Mi próximo objetivo es calificar para la Maratón de Boston, y sueño con hacer una competencia Ironman. Nunca quiero dejar de empujarme físicamente. Sigo blogueando Me gusta leer mis publicaciones más antiguas y reflexionar sobre todo lo que he pasado. Me siento bien sabiendo que puedo ayudar o inspirar a otras personas. Cuando me miro en el espejo, sonrío ante mi reflejo. Tomó mucho trabajo, pero la recompensa valió la pena. Después de todos estos años, encontré un atleta dentro de mí..

Lo que Magda aprendió a hacer

  • Mantener la creación de incentivos.. “No quería caer en viejos hábitos después de mi carrera de 10 millas, así que me inscribí en una media maratón antes del día de la carrera”.
  • Plan para el exito. “Si no se planea, se planea fallar. Debe planificar sus comidas y entrenamientos, y debe cumplir con sus planes lo más cerca posible. Si permitiera que cada reunión del almuerzo o una fiesta en la oficina interfiera, nunca lo haría. han alcanzado mis metas “.
  • Comience cada día fresco. “Todos somos humanos y todos vamos a tener errores, y eso está bien. En lugar de insistir en ellos, avancemos y aprovechemos la oportunidad que existe con cada nuevo entrenamiento y comida”.
  • NO ESTRESAR EN LA ESCALA. “Hay mayores indicadores de éxito que un número en una escala. No perdí ni una libra en mi primer mes de comer mejor, pero me sentí más feliz y con más energía. Y aunque no bajé 31 libras antes de cumplir 31 años, Estaba entrenando para correr 10 millas, ¡lo cual era enorme! “
  • VIVE EN SÍ MISMO. “Soy una prueba viviente: con fe y disciplina, puedes lograr lo que te propongas”.
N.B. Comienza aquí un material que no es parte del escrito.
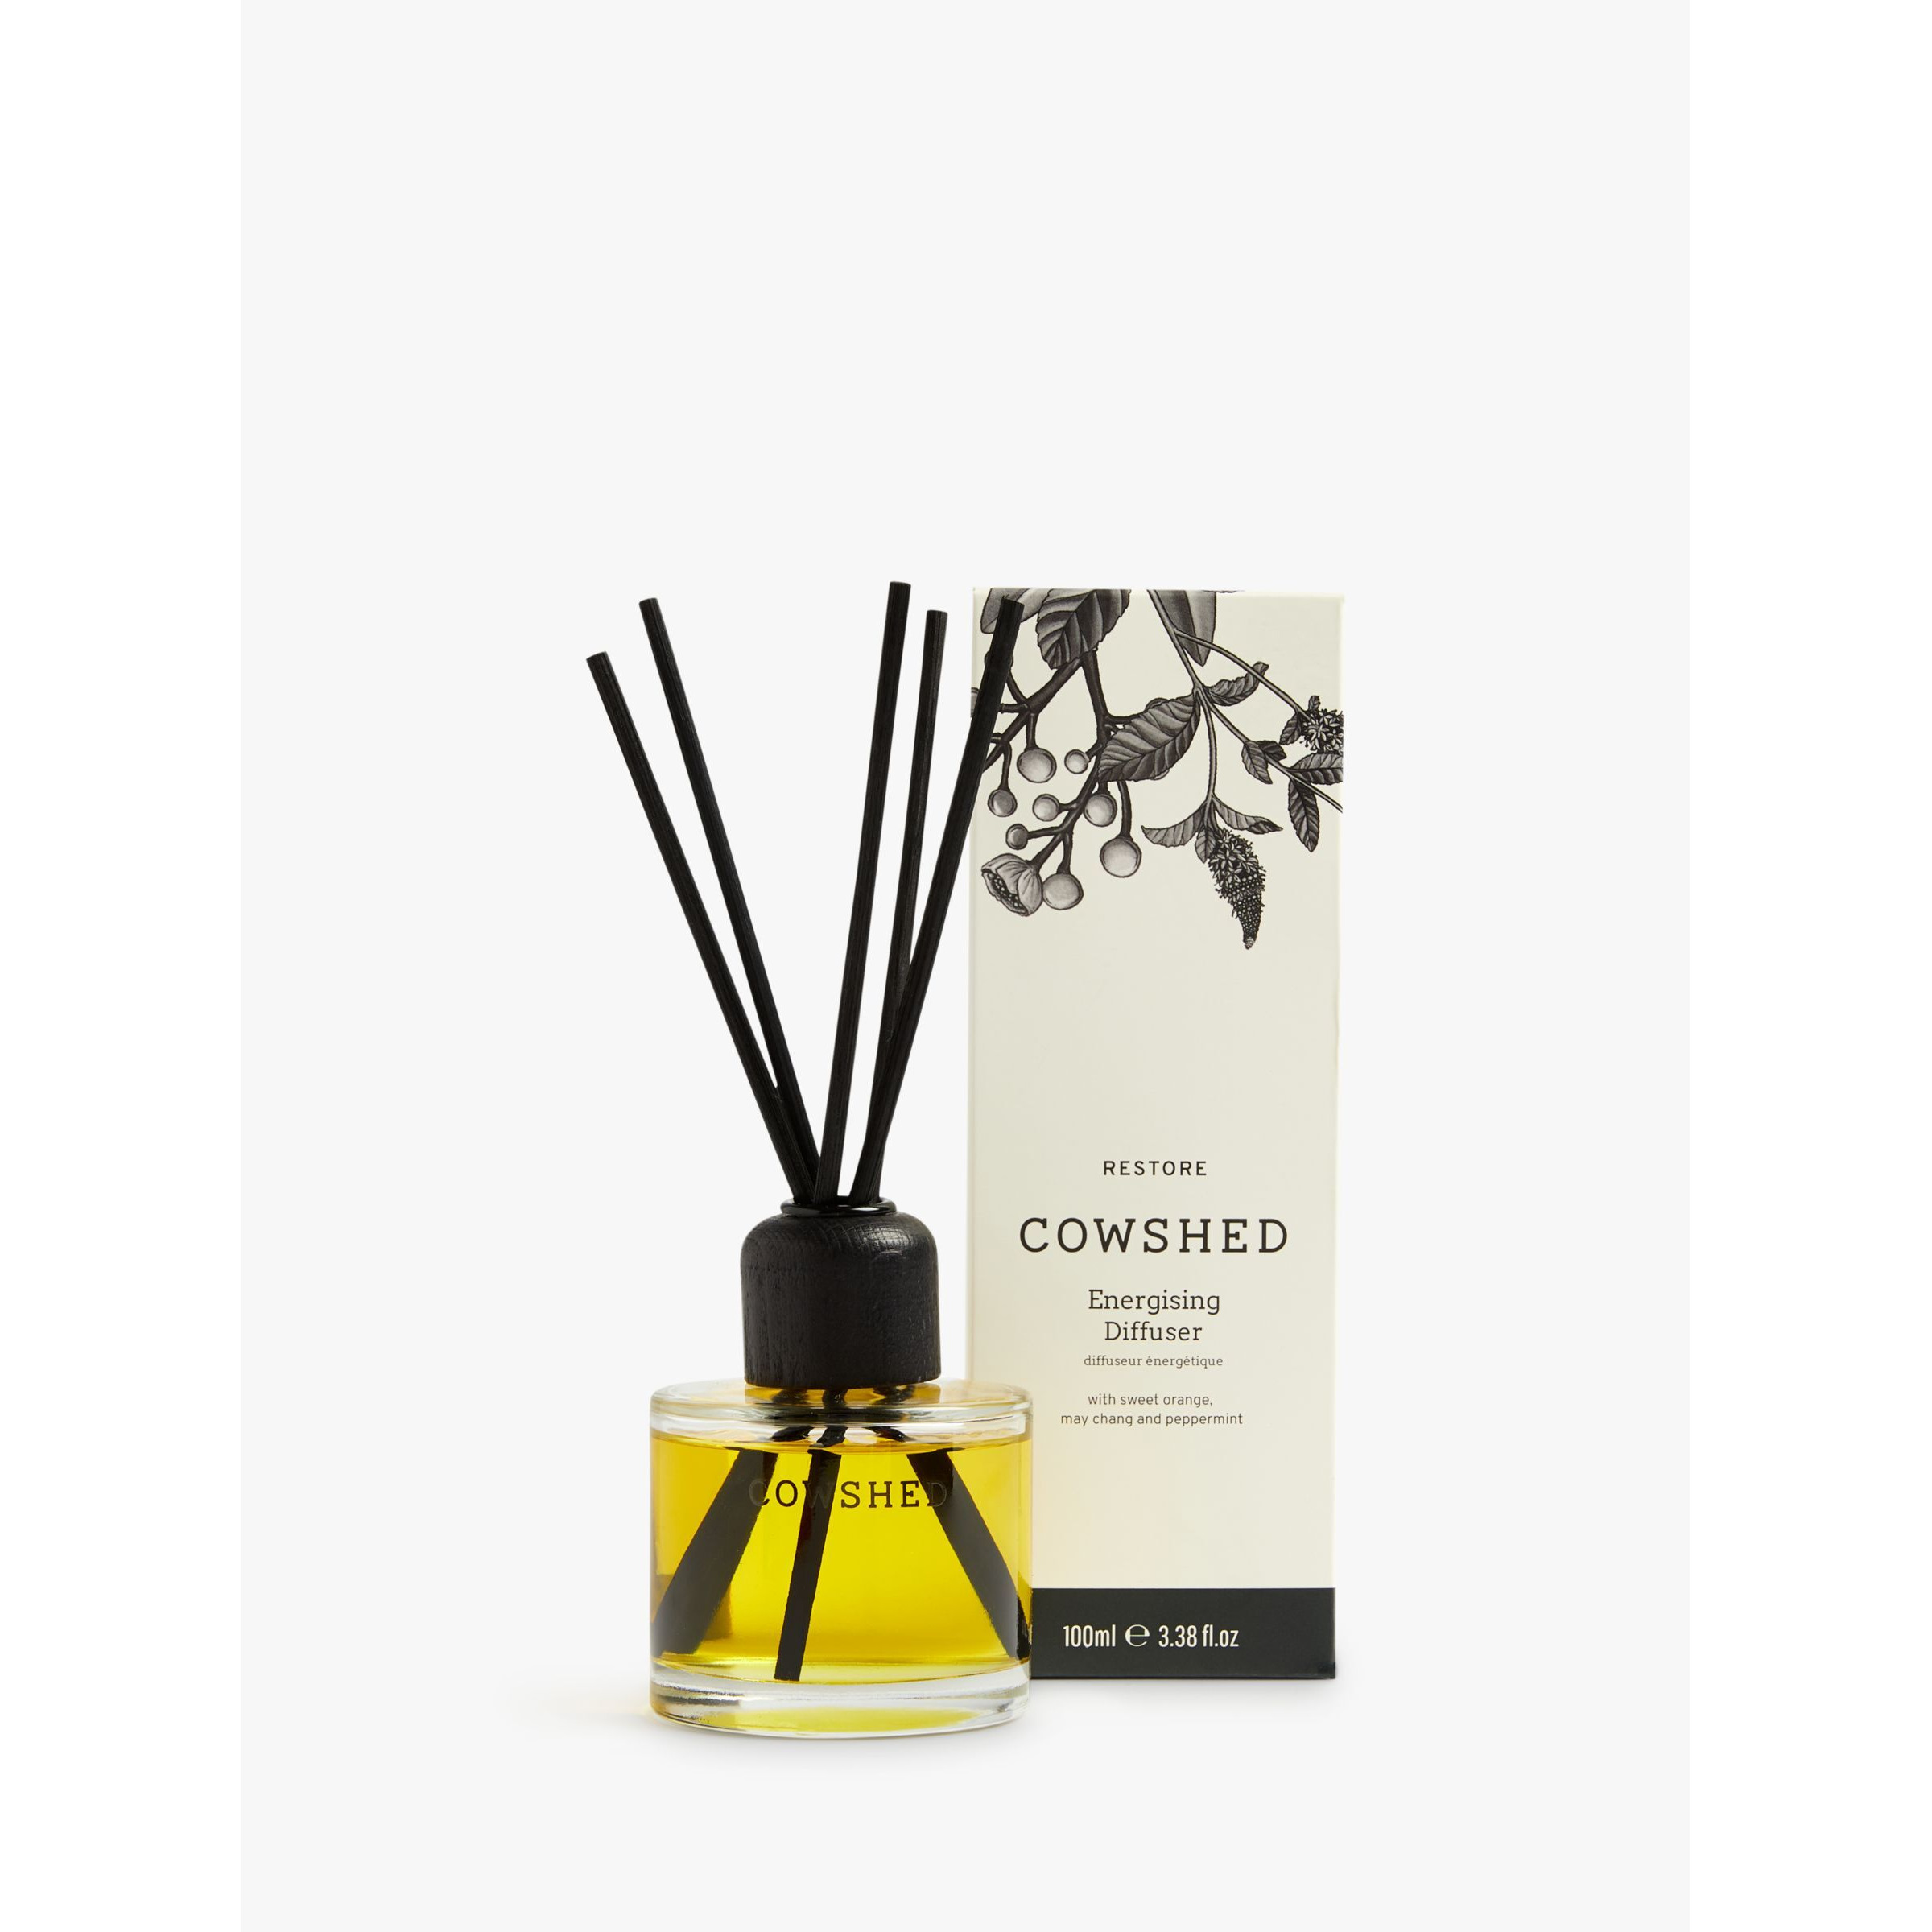 Cowshed Restore Energisng Diffuser, 100ml - image 1

    No dejes que el miedo te detenga

    Hace dos años, Magda apenas había corrido una milla, montado en bicicleta o nadado bajo el agua. Hoy, ella es una maratonista y triatleta. También puede hacer grandes cambios, dice John Spencer Ellis, director ejecutivo del Spencer Institute for Life Coaching. Aquí está su consejo sobre cómo aventurarse fuera de su zona de confort:

    • Tomar pasos bebe. No trates de correr cinco millas en tu primera vez. Hacerlo de más solo hará que quieras dejar de fumar.
    • ENCUENTRA A UN MAESTRO. Abordar un nuevo desafío solo lo hace más frustrante. Diríjase a un instructor o un amigo experimentado para que le brinde su opinión y apoyo..
    • REÍRSE DE SÍ MISMO. Ser capaz de evitar errores pone el fracaso en perspectiva. (Realmente, ¿qué es lo peor que puede pasar?)
    • ÉXITO ENVISIÓN. Piense en algo que haga bien, incluso si es su habilidad para sacar a los niños de la casa a tiempo, y recuerde cómo llegó hasta donde está ahora. Luego aplica esos mismos pasos a tu nueva meta..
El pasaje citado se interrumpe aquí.